Mercoledì 24 Luglio 2024
COSIMO ROSSI
Politica

Turbolenze al centro, Iv e Azione fanno quadrato attorno ai loro leader. "Renzi e Calenda stiano lì"

Continua il dibattito su una possibile federazione a destra dei dem. Si cerca un papa straniero e c’è chi azzarda: Gentiloni a capo della coalizione

Roma, 15 giugno 2024 – “I capi sono due e quei due restano", sbottano dalle parti di Azione e confermano all’ombra di Italia Viva. Ovvero Matteo Renzi e Carlo Calenda. E nessun congresso, convention o invenzione può modificare questa realtà "politica". Iv e Azione, insomma, restano due partiti con due leadership indiscusse, quali che siano le soluzioni formali che potranno essere adottate.

I tre ex premier Mario Draghi, Paolo Gentiloni e Matteo Renzi
I tre ex premier Mario Draghi, Paolo Gentiloni e Matteo Renzi

È il messaggio che arriva da più parti in risposta ai retroscena trapelati in questi giorni. Non ci sono figure terze in grado di federare o dimostrarsi capaci di far ombra ai due leader: non il sindaco di Milano Giuseppe Sala né l’ex commissario alla spending reviw Carlo Cottarelli, figurarsi Luigi Marattin, che si candida al congresso di Iv.

Alle iniziative in campagna elettorale ti chiedono chi sia Calenda, figuriamoci altri", rivela suo malgrado un parlamentare di Azione. A suffragare il fatto che dalla leadership di Renzi e Calenda non si può arretrare, se non per finta. Non potrà quindi che venir da fuori la personalità in grandi di ridurre a più miti consigli il dispotismo dei due condottieri centristi. Qualcuno in grado di unificare non il centro, ma il tutto centrosinistra. E un nome ci sarebbe. Uno solo.

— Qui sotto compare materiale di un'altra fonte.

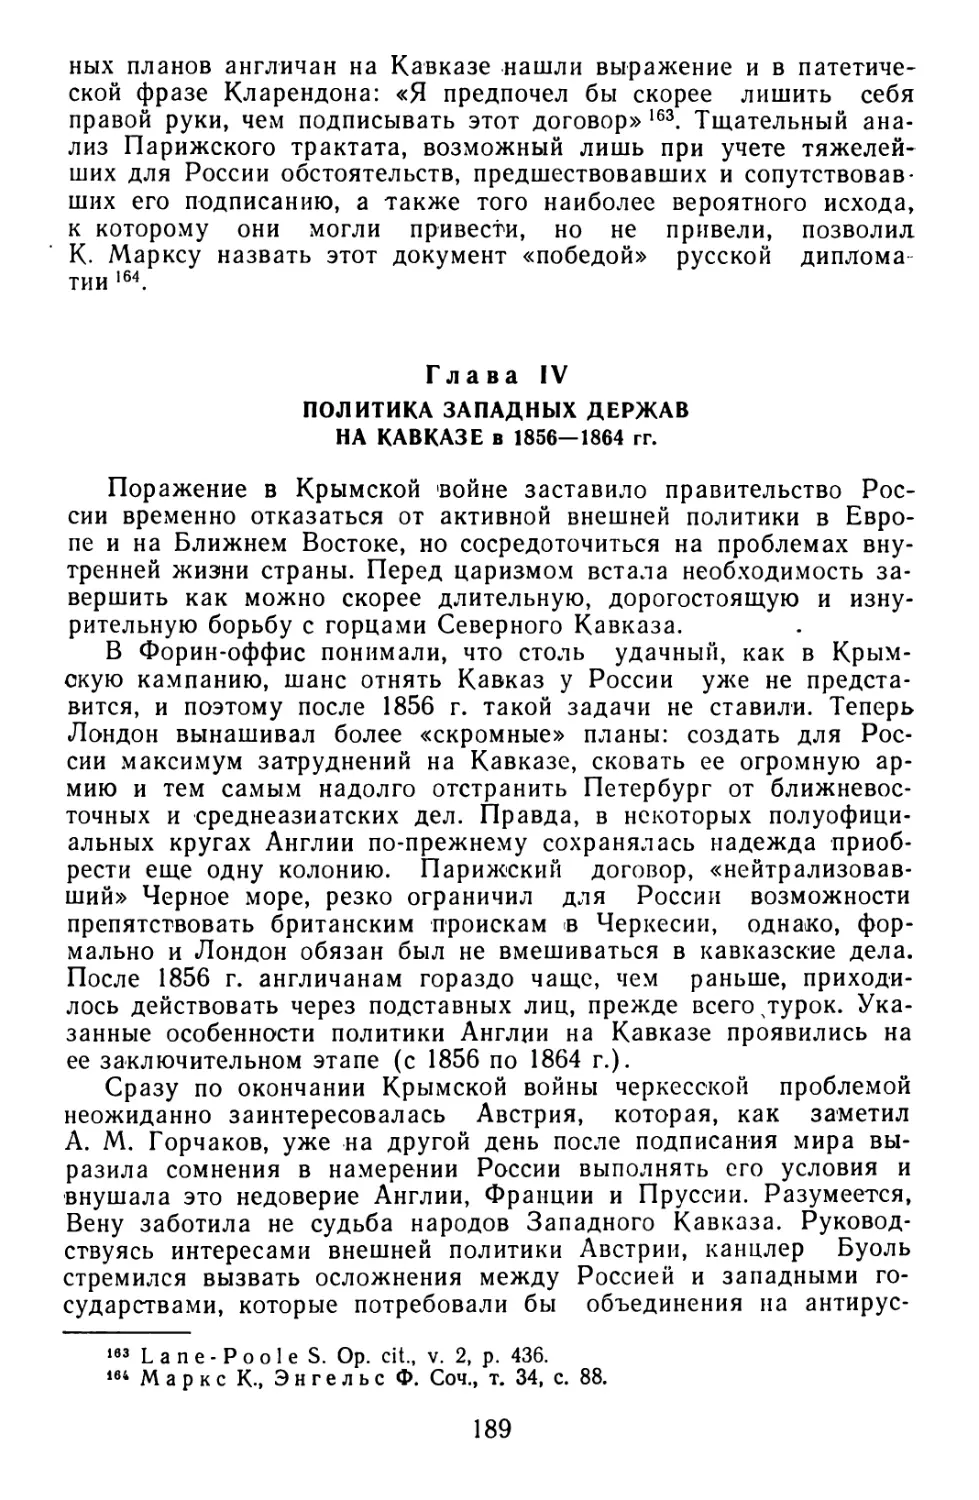 Глава IV. Политика западных держав на Кавказе в 1856—1864 гг.

L’ex commissario europeo ed ex premier dem Paolo Gentiloni: cattolico, progressista, democratico e in quanto tale solo in grado di ricomporre e allargare il campo progressista, del cui litigioso perimetro si è più volte dichiaro insoddisfatto.

Ma questo è un altro discorso, che chiama in causa in primo luogo il Pd, dove si continua a vagheggiare la possibilità che Elly Schlein sia in grado di contendere il governo a Giorgia Meloni, che non a caso la preferisce come contendente non solo per cortesia di genere.

Per stare al centro, "il problema è che ci sono sofferenze interne a Iv che si ripercuotono direttamente su Azione", sostengono i calendiani. L’intenzione di fare un passo di lato dichiarata da Renzi viene infatti evocata per esortare una mossa analoga da parte di Calenda. Ma i calendiani, prima ancora di Calenda, non ci stanno. Obiettando che l’ex premier non può che rimanere il dominus indiscusso di Iv, come giusto. E come Calenda in Azione. Inutile quindi "mettere prestanome", contestano i supporter dell’ex ministro. Per quanto nella stessa Azione si registri l’insofferenza di esponenti di spicco come le ex ministre berlusconiane Maria Strella Gelmini e Mara Carfagna.

La sirena di Forza Italia in effetti si fa sentire su una parte di esponenti dei due partiti centristi. In particolare, insieme alle due ex ministre, sono da sempre sensibili al pifferaio azzurro anche l’azionista Enrico Costa e il Benedetto Della Vedova di +Europa. Ma questo è il meno. Il punto è la capacità dei centristi di darsi un profilo politico unitario e comprensibile. E non si può dire che il mix tra centrismo confessionale e estremismo liberista radicale, tra antiabortisti e sostenitori dell’utero in affitto, risulti comprensibili agli elettori solo in nome del finanziamento all’Ucraina nella guerra contro l’invasione russa. Gli elettori hanno anzi dimostrato di non capire.

Se per la componente laica post-radicale rimane all’orizzonte un possibile approdo nel Pd, che almeno è meno clericale di molti centristi terzopolisti, per l’area cattolico-democratica invece si potrebbe porre un problema più serio di unificazione. Anche se al momento prevalgono le appartenenze partitiche. Perché "i partiti, sono partiti con le loro logiche", fa presente un parlamentare. E questo significa che né il partito di Renzi né quello di Calenda per il momento son disposti a rinunciare alla propria dimensione politico-organizzativa.